Bisher dürfen Syrer nicht aus Deutschland in ihre Heimat abgeschoben werden. Ein Urteil zum Schicksal eines Mannes stellt diesen Grundsatz nun infrage.

Ein Urteil des Oberverwaltungsgerichts in Münster zum Schutzstatus eines Syrers hat weitreichende Fragen aufgeworfen und scharfe Kritik ausgelöst. Das Gericht hatte in seinem Urteil festgehalten, dass in Syrien für Zivilisten „keine ernsthafte, individuelle Bedrohung ihres Lebens oder ihrer körperlichen Unversehrtheit infolge willkürlicher Gewalt im Rahmen eines innerstaatlichen bewaffneten Konflikts“ mehr bestehe. Der Kläger in dem Verfahren war vor seiner Einreise nach Deutschland in Österreich zu einer Haftstrafe verurteilt worden, weil er an der Schleusung von Menschen aus der Türkei nach Europa beteiligt gewesen war.

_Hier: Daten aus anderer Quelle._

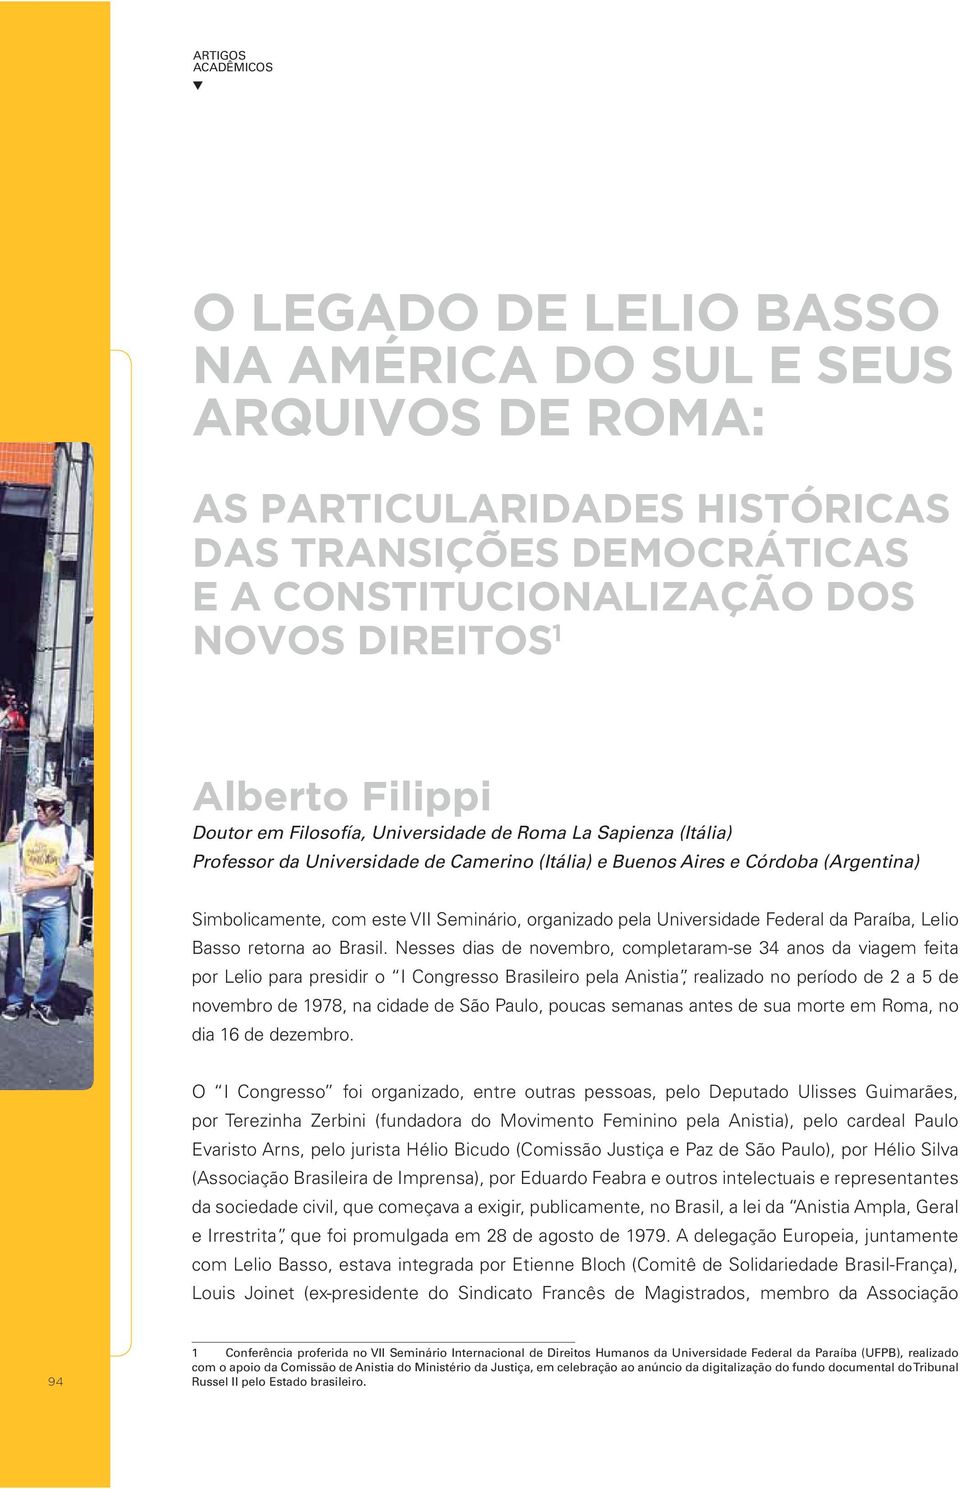 organizado pela Universidade Federal da Paraíba, Lelio Basso retorna ao Brasil.
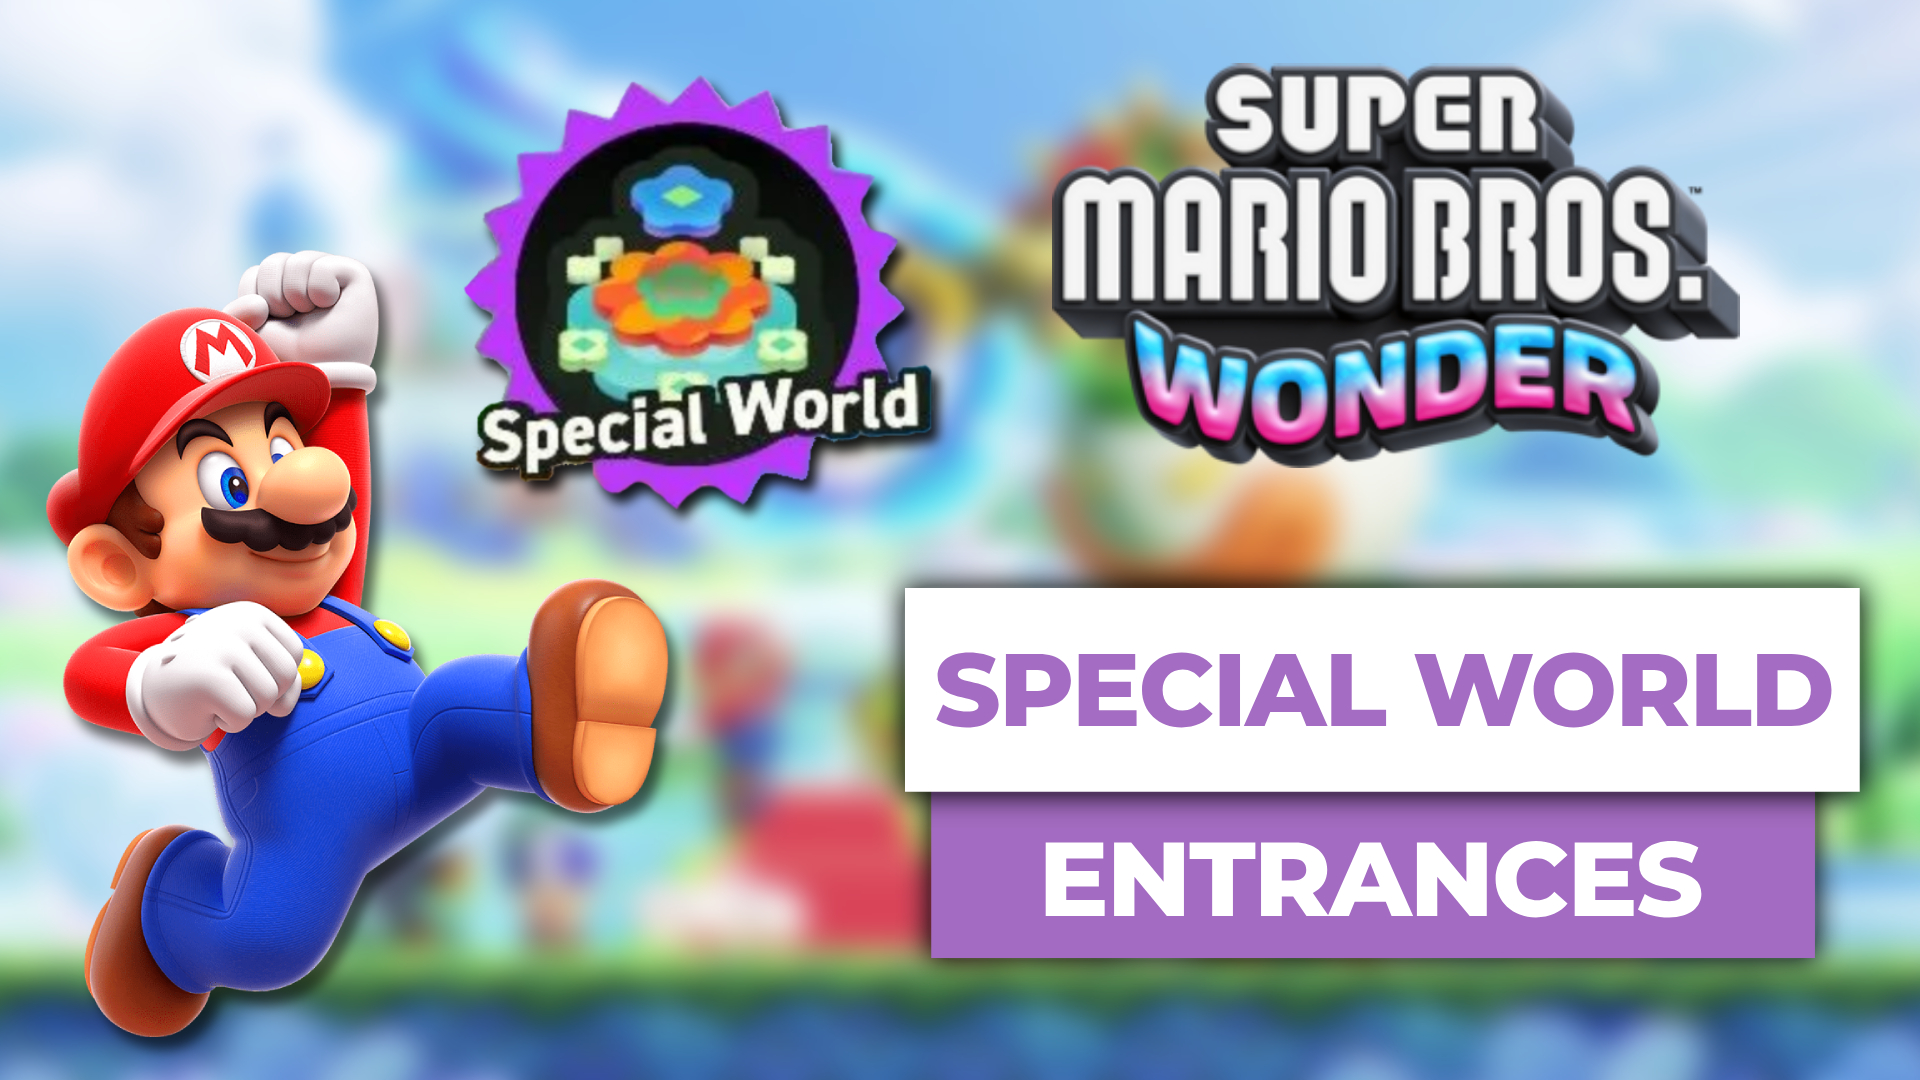 Shining Falls - Super Mario Bros. Wonder [7]

Das Oberverwaltungsgericht führte aus, ihm drohe in Syrien keine politische Verfolgung. Von der Zuerkennung der Flüchtlingseigenschaft sei er wegen seiner vor der Einreise begangenen Straftaten ausgeschlossen. Auch die Voraussetzungen für subsidiären Schutz seien nicht gegeben. Dieser eingeschränkte Schutz gilt für Menschen, die nicht als individuell verfolgte Flüchtlinge anerkannt werden, aber stichhaltige Gründe liefern, warum ihnen bei einer Rückkehr in ihr Herkunftsland ernsthafte Schäden – etwa durch Bürgerkrieg – drohen.

Justizminister Buschmann findet die Entscheidung nachvollziehbar

Für Syrien waren die Behörden in Asylverfahren bislang im Regelfall von einer solchen Bedrohung des Lebens oder der körperlichen Unversehrtheit von Zivilisten ausgegangen. Im Falle des Klägers, der aus der Provinz Hasaka stammt, sah das Gericht dies weder in dessen Heimatregion im Nordosten noch in Syrien allgemein als gegeben an. Das Urteil ist nicht rechtskräftig.

Die Logik dahinter sei, dass man sich immer genau anschauen müsse, wer in welchen Teil Syriens abgeschoben werden könne, sagte Bundesjustizminister Marco Buschmann (FDP) am Dienstag in Berlin zu möglichen Konsequenzen. „Man kann eben nicht mehr pauschal sagen, dass die Sicherheitslage im gesamten Land überall gleich ist, sondern es muss genau hingeschaut werden.“ Buschmann sagte, dies sei eine Entscheidung des Gerichts, „die man nachvollziehen kann, wenn man davon ausgeht, dass es mittlerweile auch in diesem Land Regionen gibt, die sehr gefährlich sind, aber auch andere Regionen gibt, wo nicht zwingend Gefahr für Leib und Leben besteht“.

Die Innenminister der Länder sind sich längst einig

Die rechtspolitische Sprecherin von Pro Asyl, Wiebke Judith, dagegen kritisierte: „Das Oberverwaltungsgericht Nordrhein-Westfalen entscheidet an der Realität in Syrien vorbei.“ Einschlägige Quellen wie der Lagebericht des Auswärtigen Amtes zeigten, dass es weiterhin „eine beachtliche Konfliktlage“ gebe. Hinzu komme, dass praktisch niemand vor dem „Folterregime des Diktators Assad“ sicher sei.

„Grundsätzlich prüfen das Bundesinnenministerium und das Bundesamt für Migration und Flüchtlinge fortlaufend die Entscheidungspraxis auf der Grundlage der verfügbaren Quellen“, sagte ein Sprecher des Bundesinnenministeriums auf Anfrage. Zu diesen Quellen gehörten insbesondere auch Gerichtsentscheidungen, wobei Entscheidungen der Oberverwaltungsgerichte insoweit eine bedeutende Rolle zukomme. Bei der Innenministerkonferenz im Juni hatte Einigkeit darüber bestanden, dass Straftäter und islamistische „Gefährder“ künftig wieder nach Afghanistan und Syrien abgeschoben werden sollten – womöglich über Nachbarländer.